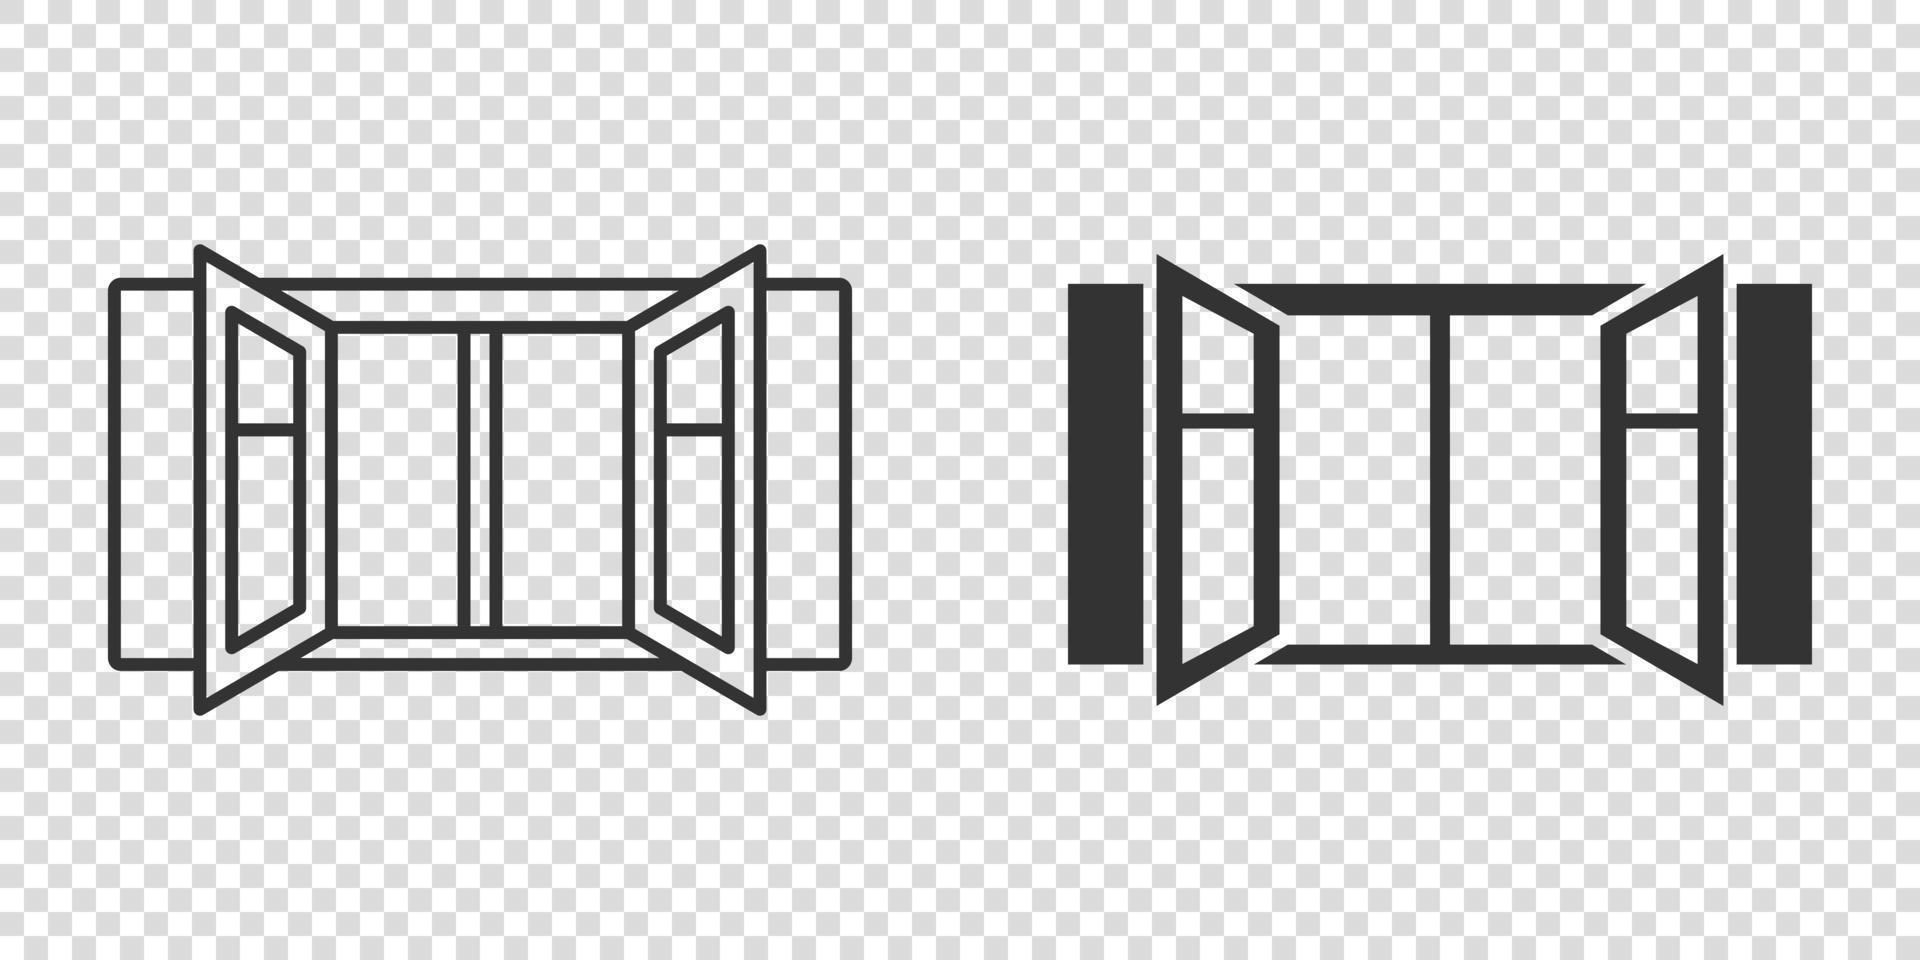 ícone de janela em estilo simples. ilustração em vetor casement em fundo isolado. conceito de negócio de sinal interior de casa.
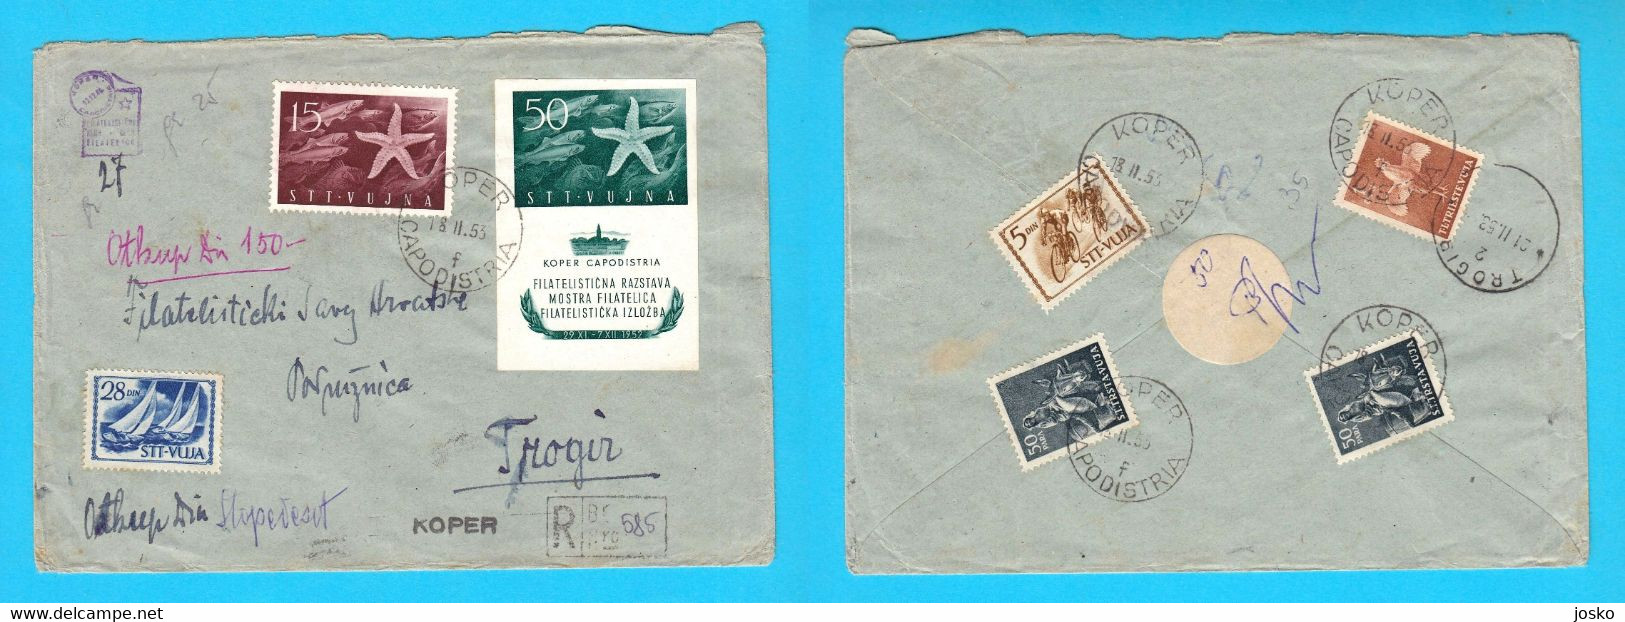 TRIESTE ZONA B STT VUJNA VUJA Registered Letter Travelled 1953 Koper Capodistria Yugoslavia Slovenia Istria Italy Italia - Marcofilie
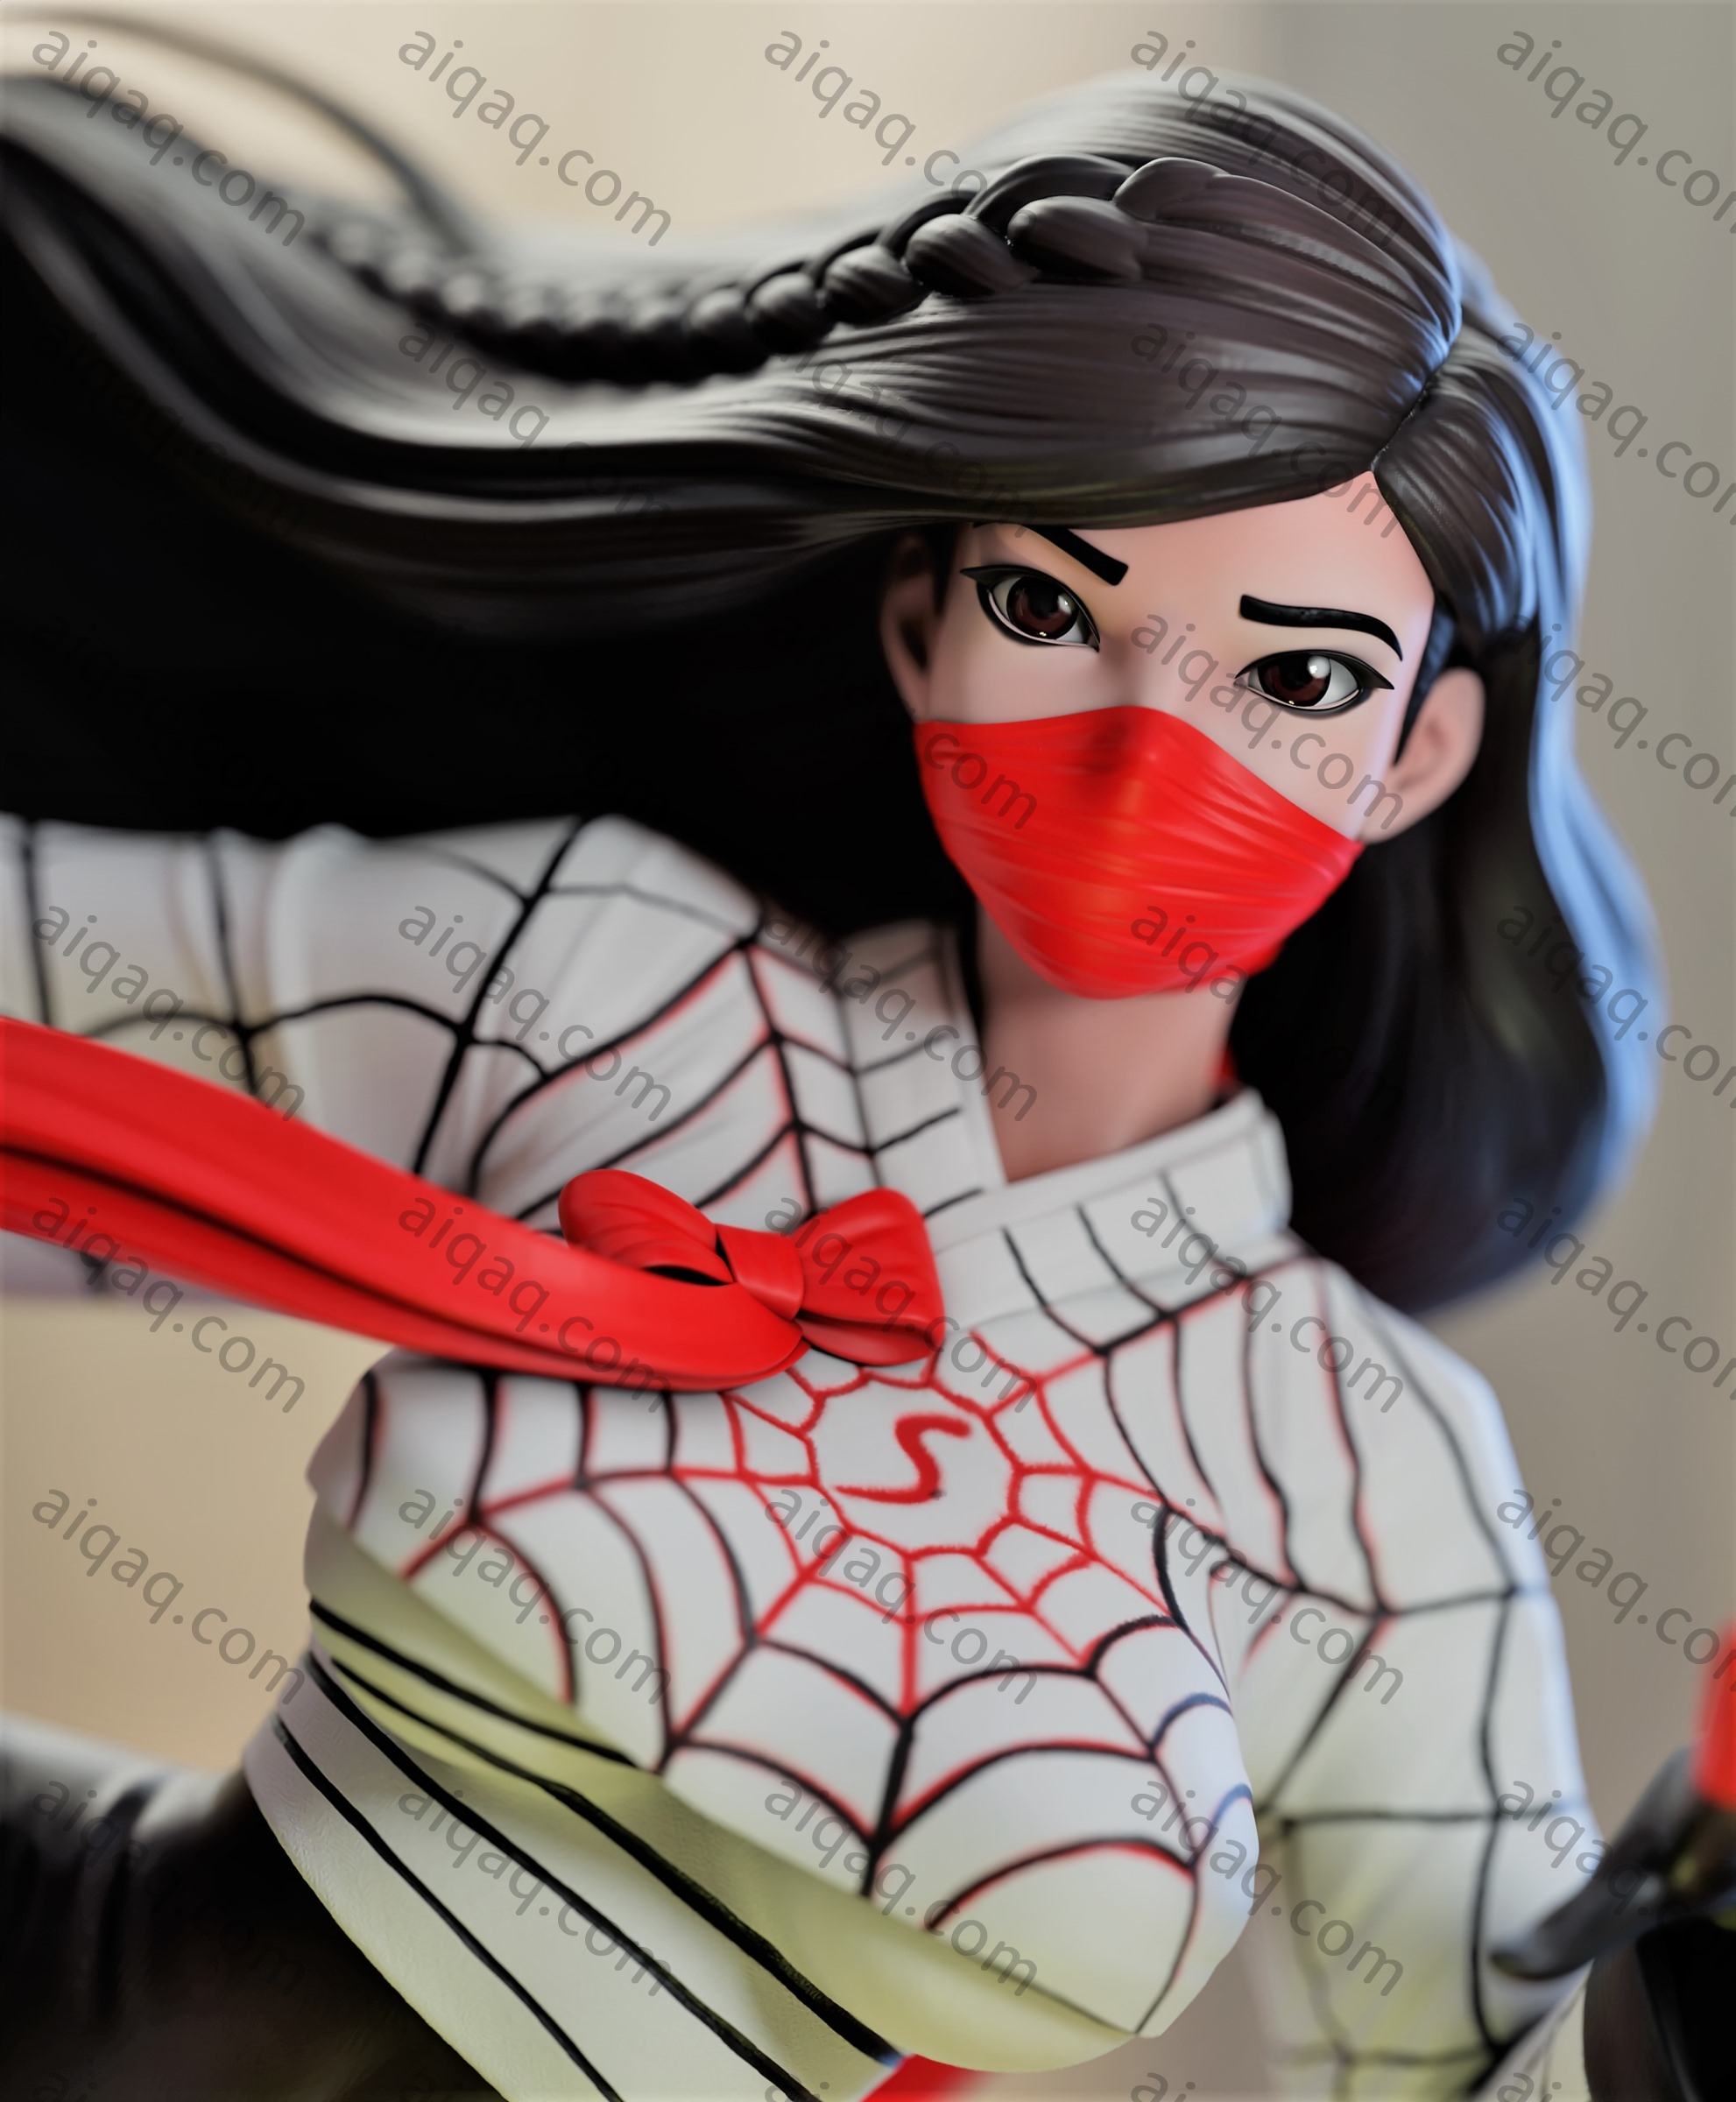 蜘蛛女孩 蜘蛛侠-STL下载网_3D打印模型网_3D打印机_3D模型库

:::::

▶ [Work item] None of the pictures belong in the copy; repeat all other material exactly.

▶ [Your response]
 ícone de janela em estilo simples. ilustração em vetor casement em fundo isolado. conceito de negócio de sinal interior de casa.
 TRIESTE ZONA B STT VUJNA VUJA Registered Letter Travelled 1953 Koper Capodistria Yugoslavia Slovenia Istria Italy Italia - Marcofilie
 蜘蛛女孩 蜘蛛侠-STL下载网_3D打印模型网_3D打印机_3D模型库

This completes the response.